Ispace, which was founded in Japan and has a Luxembourg subsidiary, announced on Thursday an amendment to the mission timeline. Its first mission was expected to send an orbiter around the moon in 2020 to test in-flight technology. Now the team will focus all of its resources on the Hakuto-R programme for a soft lunar landing in 2021, followed by deployment of a lunar rover for surface exploration in 2023. The first mission will be able to carry customer payloads.

“The decision to adjust the mission schedule is primarily in response to the dramatic market acceleration and increasing demand for lunar exploration around the world, including improving the company’s competitiveness for supporting contracts, such as for Nasa’s Commercial Lunar Payload Services (CLPS) program, and similar opportunities taking form around the world,” Ispace said in a statement published on Thursday.

Ispace was founded as a spin-off of team Hakuto, which entered the Google Lunar X prize. Founded by Takeshi Hakamada, the team vied for the $20m prize money being offered the first project to successfully deploy a commercial lunar lander before 31 March 2018. The contest closed when it was clear none of the five finalists would succeed. Since then, a large number of newspace operators have begun developing technology for lunar exploration.  

Ispace has since raised its own funds, including R&D funding through the Luximpulse programme. In Luxembourg, it is developing technology that will enable the rover to detect water at the lunar poles, a vital resource for human future habitation in space but also for in-space manufacture. Former Ispace Europe managing director Kyle Acierno told Delano in a 2018 interview that while being first was a nice to have, frequency of visits was essential to draw benefits from lunar exploration. “The opportunity to land multiple times, different locations, deploy rovers for exploration--that’s important. And pinpoint landing is very important,” he said.

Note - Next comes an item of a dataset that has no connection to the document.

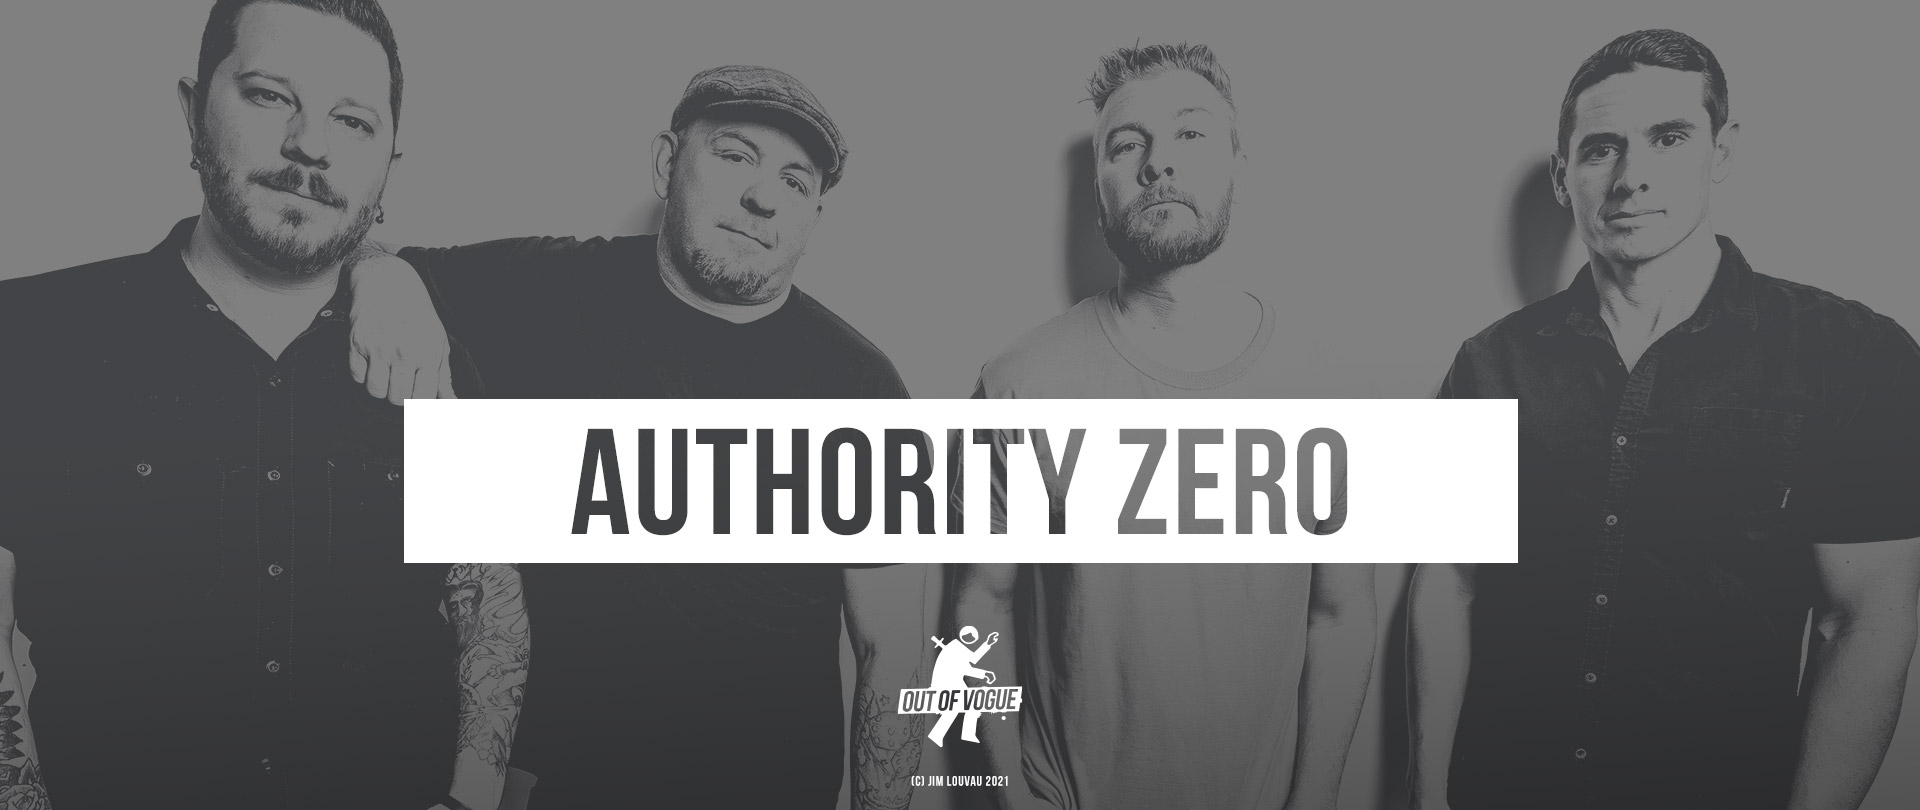 Authority Zero at OUT OF VOGUE SHOP / DE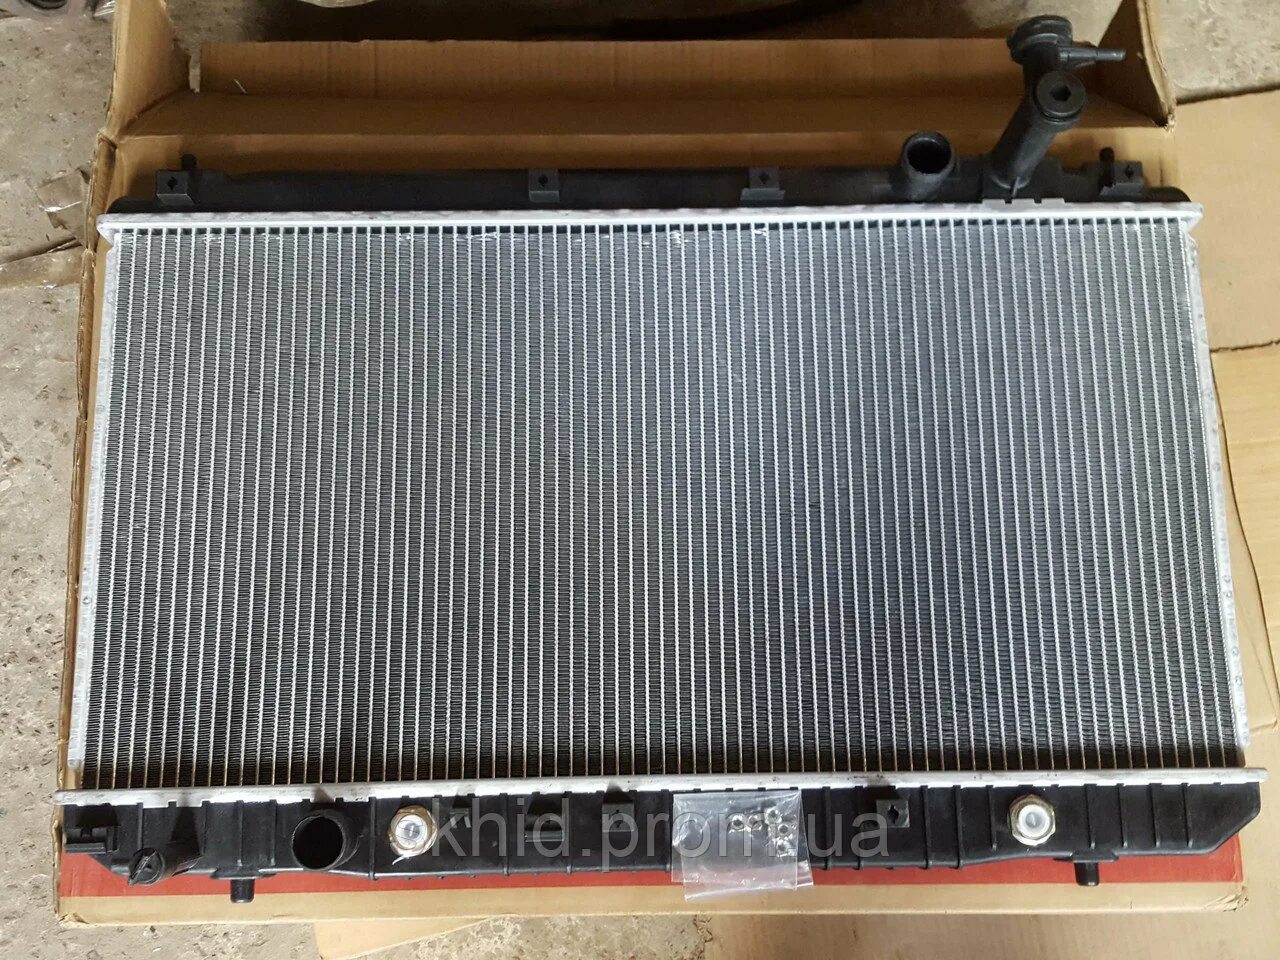 Радиатор чери тигго 8. Радиатор охлаждения Tiggo 2,4 (t11-1301110). T11-1301110ca. Chery Tiggo 2 радиатор охлаждения. Радиатор Chery Tiggo t11 2.4.

If Ispace was among the first commercial space companies to begin seriously working on a lunar mission, scores more have since arisen, largely thanks to the trail-blazing work of space entrepreneurs Elon Musk, with SpaceX, and Jeff Bezos’ Blue Origin. American space agency Nasa is increasingly working with commercial operators and Ispace is part of team Draper, which was selected to carry scientific instruments to the moon over the next ten years. In this context, Ispace will serve as design agent and manager of lander missions. Securing this bid came largely thanks to Ispace’s 2020 orbiter tests. Now that they have been dropped from the schedule, it is not clear how it will impact the arrangement going forward.

Ispace said it was working on developing landing gear within the new timeframe and securing contracts with a ground station, constructing a mission control centre and producing training and operation plans for the lander mission operations.

Furthermore, on Thursday it announced new partnerships with Japanese firms Citizen Watch Co, which will apply its Super Titanium material to titanium components used in the Hakuto-R lunar lander and rover. It has also partnered with automobile maker Suzuki, which will conduct structural analysis of the Hakuto-R lunar lander, and Sumitomo Corporation, which will promote collaboration with industry stakeholders to encourage growth in the lunar industry.